Q: Absolutely. Is there anything that I haven’t asked that you want to add??
BLASER; Being a Foreign Service parent is patience, getting the information you need yourself and being confident in it. And, for me, it was including my kids in the decisions that affected their lives, to the degree that I possibly could. Transparency, honesty, recognizing we all make mistakes. Whether you’re a Foreign Service parent or parent of a Third Country Kid or not, raising kids can be hard. Raising four kids can be hard, and none of us is perfect. So, a little patience for yourself and for your spouse and partner.
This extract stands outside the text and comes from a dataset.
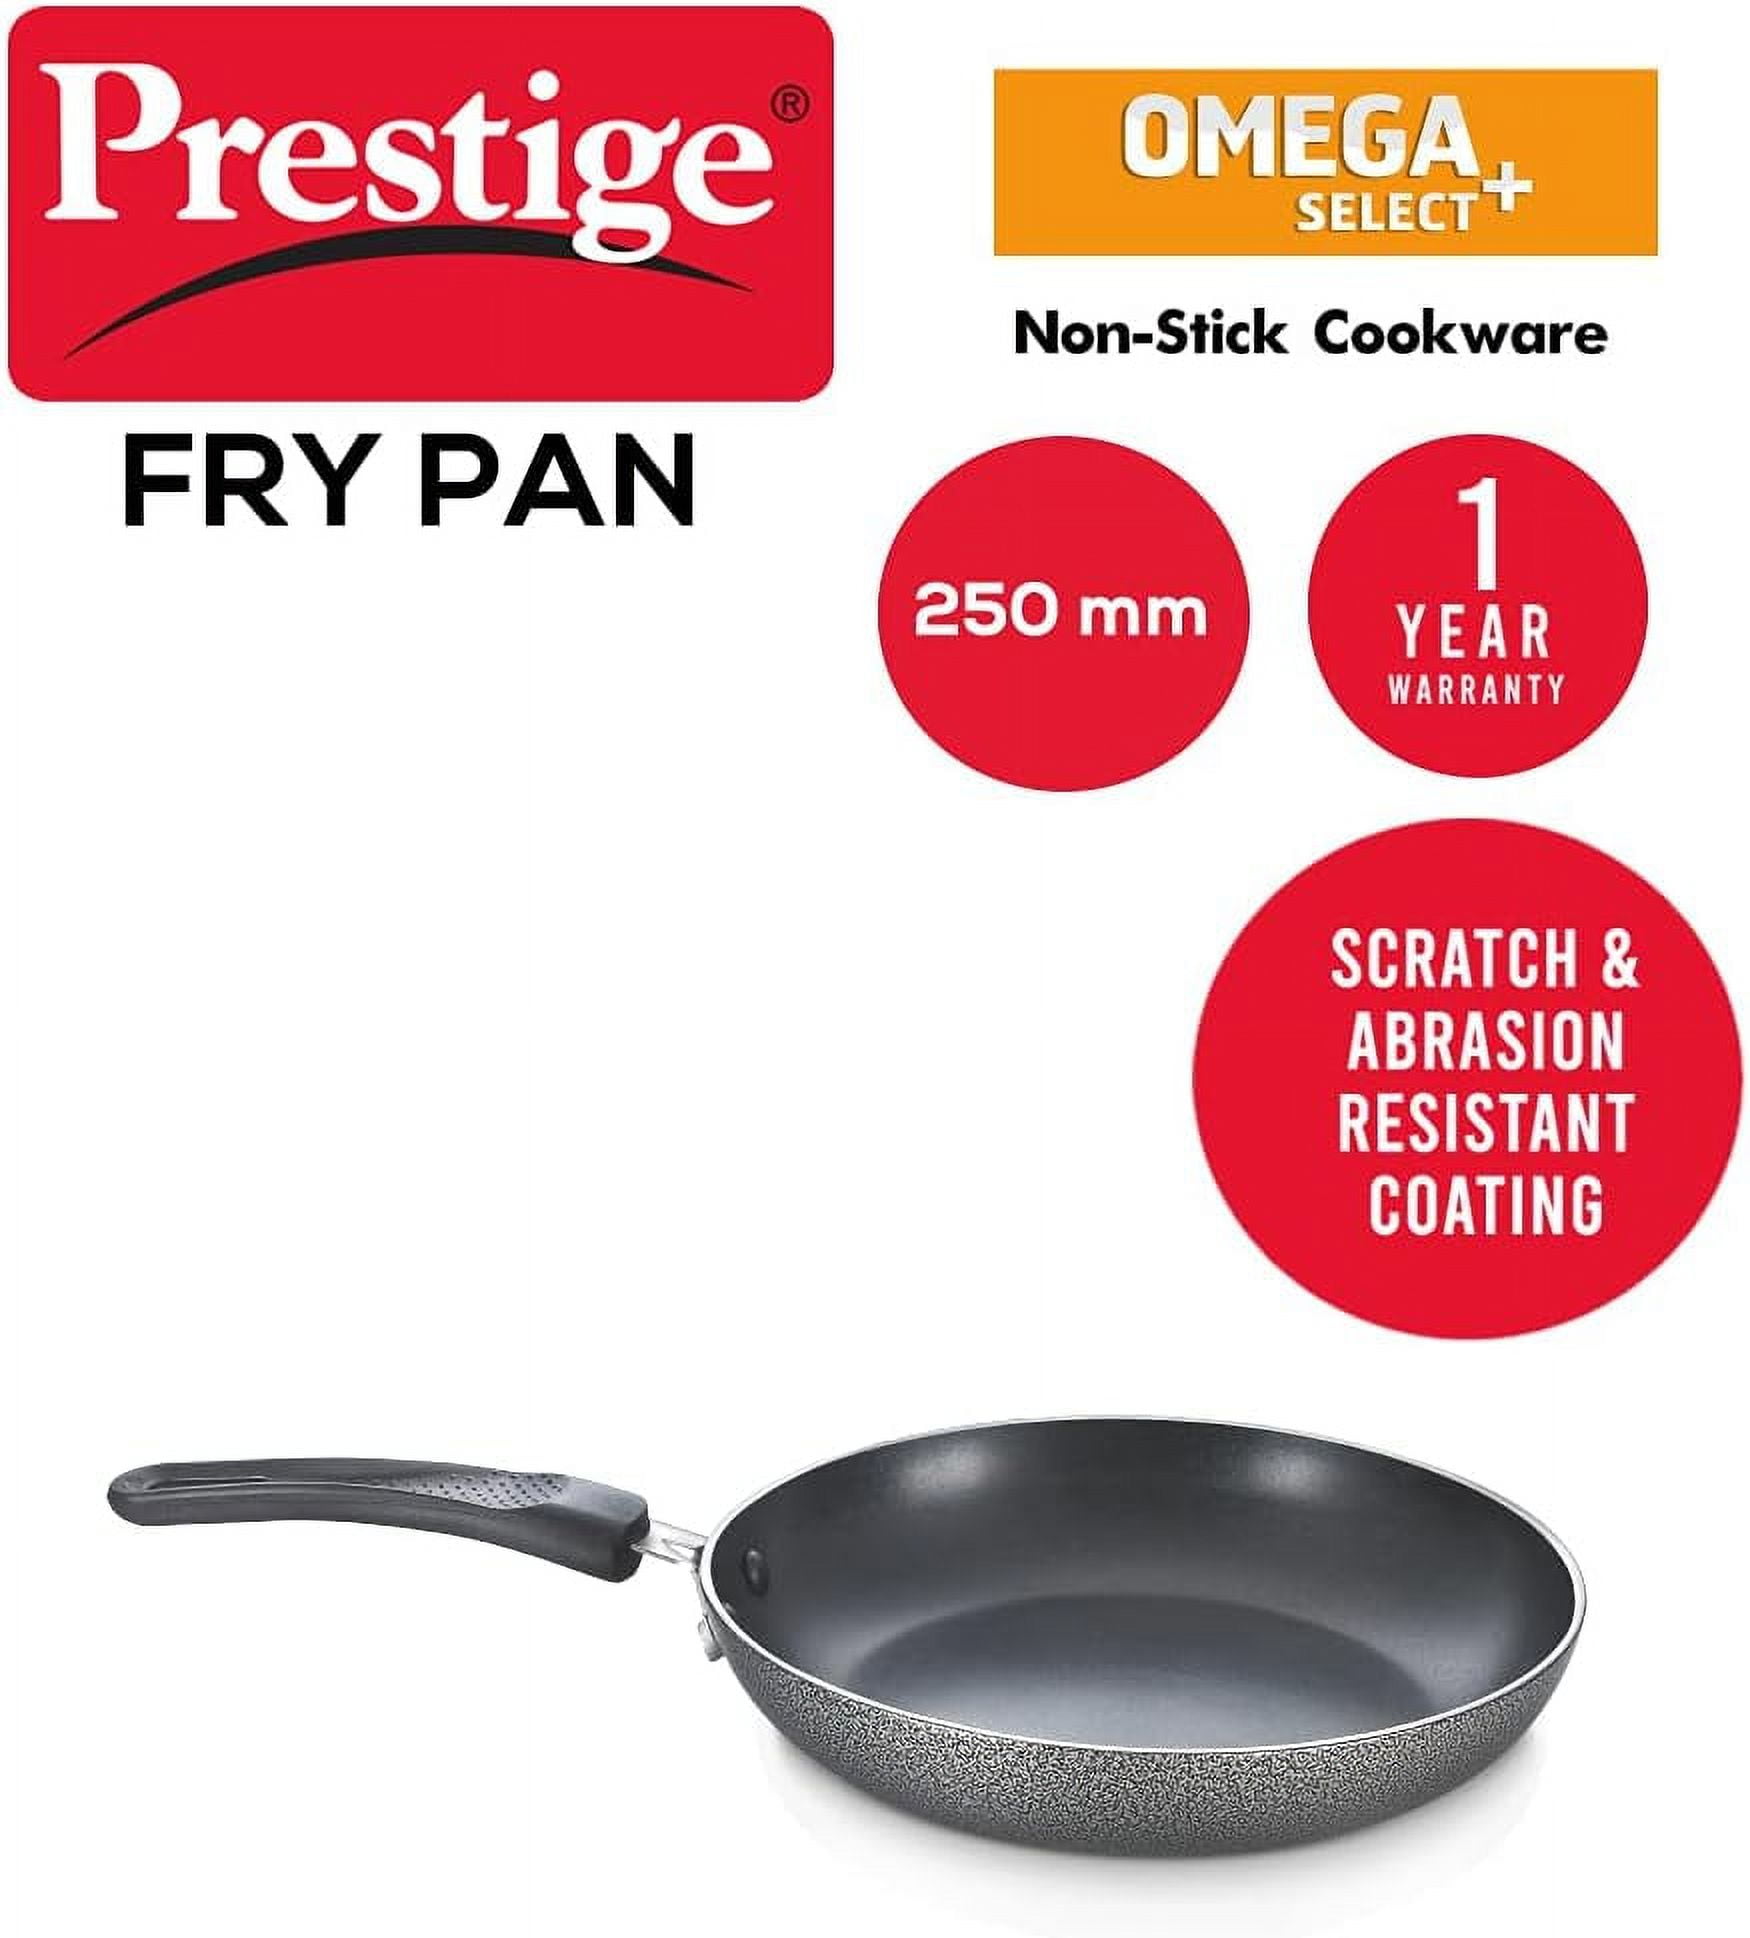 Non-stick Large Fry Pan ACNCSSX45LFP9 – Pyle USA

Then the other thing I say is, please, as we have colleagues joining the Foreign Service with or without kids, look out for each other, care about each other. Think about how you would feel if you were in their shoes and go out of your way to be kind. Our service needs more kindness in it than it has today. So, I would just beg everybody who reads this to absorb that and embody kindness to others in our service. We need to look out for each other more and better and more proactive. So that’s what I would ask for. Be kind.
Q: Great words of wisdom. I think it’ll be very informative for other parents of Third Culture Children.